Christian conferences are great. They are such a great opportunity to learn, to relax, to spend time in God’s presence, to build relationships and just surround yourself with like-minded Christians in a very Christian environment. But what about when you come home?

This year I spent a week at New Wine’s conference, United; held in Shepton Mallet. It was a brilliant week and I was very sad for it to be over. I felt that I had changed so much, so it was a real shock to remember that the rest of the world had not changed with me. I went back to work on the Monday, and everything was exactly the same as I had left it, with just more emails in my inbox. This can easily become discouraging but we need to find a way to allow the changes we’ve experienced to impact our daily life too. These conferences are not worth going to if they’re not going to mean anything for the other 51 weeks of the year.

So, I felt it was hugely important to reflect back upon my experience and work out what this meant for me. I found it helpful to ask myself questions and write down the answers. Here are the 6 questions I asked myself, and that I think you should use after any Christian conference!

What did you learn?

What new stuff did you learn at the conference? What seminars did you attend? Did a speaker share something new? Did you discover something new about a bible passage or a great tip for living as a Christian? This can include the academic, the theological and the practical. Things that you didn’t know before you went away.

How did you experience God?

Was your experience of God different to normal? If so, why? Did you encounter him more in the worship? Feel him moving during prayer ministry? See his healing and speaking whilst ministering to others? What about this different environment allowed you to see and feel God more clearly?

What parts of the week do you want to bring home?

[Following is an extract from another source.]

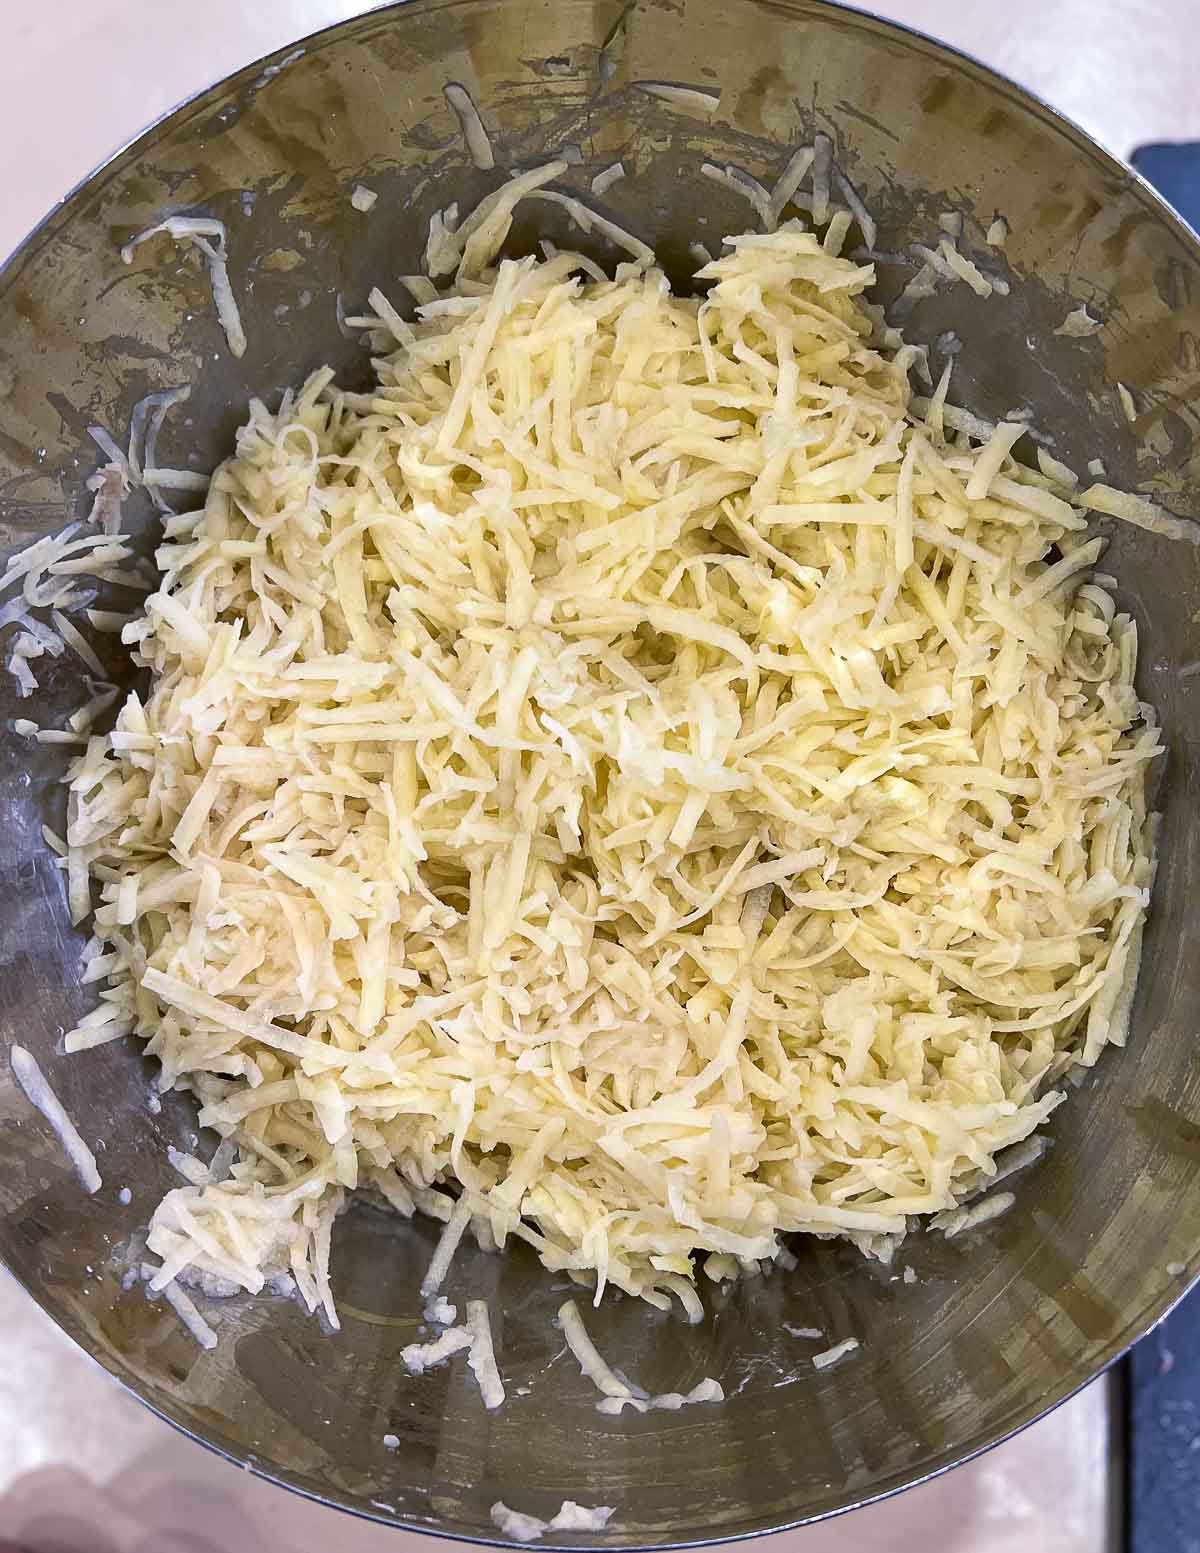 Grated potatoes in a bowl.
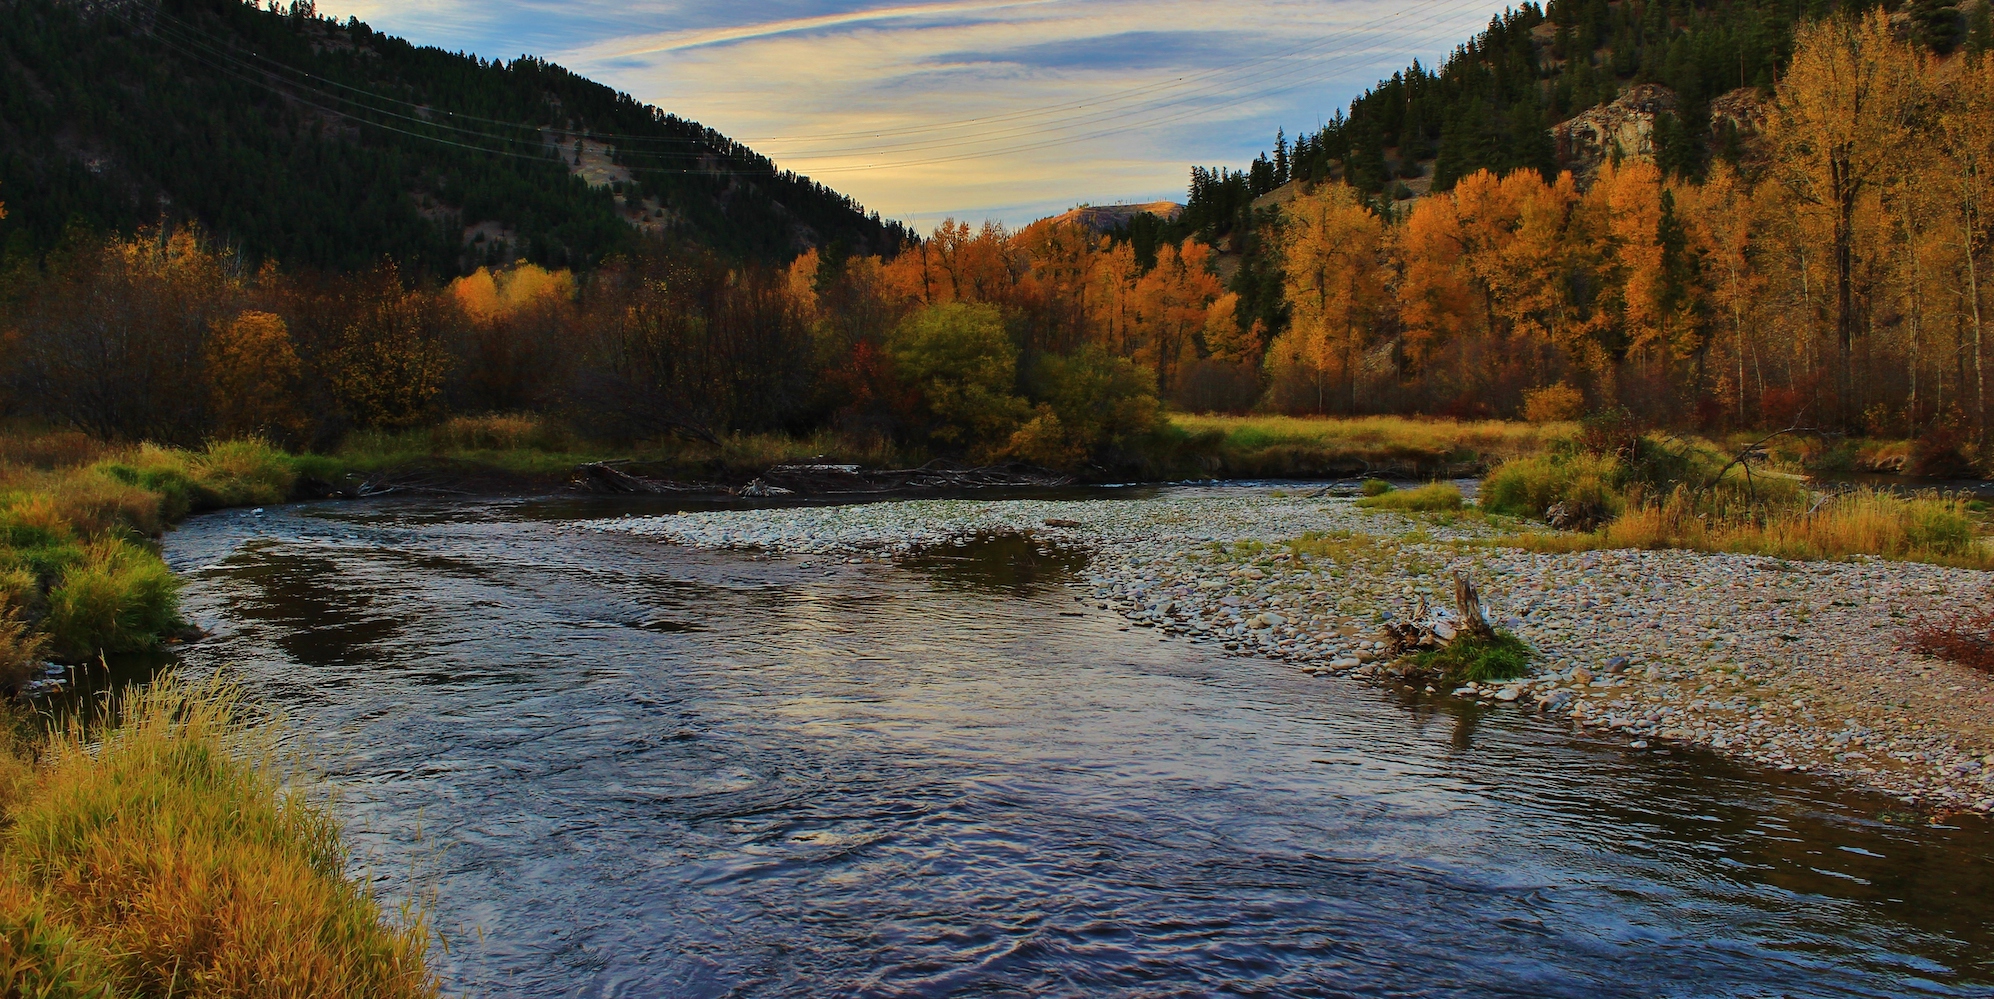 Clark Fork river in Missoula Montana on a fall day with the trees on the riverbank in prime fall colors

Reflecting upon the first two questions, what is it that you want to keep hold of now that you’re home? Do you want to experience more of the fellowship you had with members of your church? Do you want to continue learning more about a certain topic? Do you want be able to keep worshipping so passionately that you lose your voice mid-week (it happens, it’s taken over a week to come back)?

How do you want this experience to impact your daily life?

So, now you’re back at home. What impact do you want this experience to have on your life? Do you want to apply those teachings you learnt to your own ministry? Do you want it to have deepened your desire to study the Bible? How do you want to be living differently now compared to before the conference?

How are you going to do this?

This question is the practical one. What changes are you going to make in your daily life? Are you going to get up half an hour earlier to study the Bible more deeply? Are you going to let go of the shame you’ve felt for that thing you did years ago? Are you going to organise a meeting to get the ball rolling on a new idea God has given you? Plan out that very first step – that one thing you know you can do it the next few days or weeks so that you don’t forget what it is you want to do and why. It can be super simple, but just have a first step ready to tick off your to-do list.

And, finally…

When can you book to go back next year?

If this was an experience that helped you to deepen your faith, that fed a thirst for knowledge in you, that blessed you with a chance to relax or allowed you time to re-focus upon God, are you coming back again?

Of course, it is vital that we remember that the God we encountered at our conference, is the same God we pray to the rest of the year. He has the same power, and he can achieve the same things. Christian conferences cannot be our only input for the year, we need personal Bible study, we need prayer constantly, we need fellowship and community, we need to worship. But these conferences are a great source of encouragement and family and reflection so I would definitely recommend giving one a go if you haven’t already.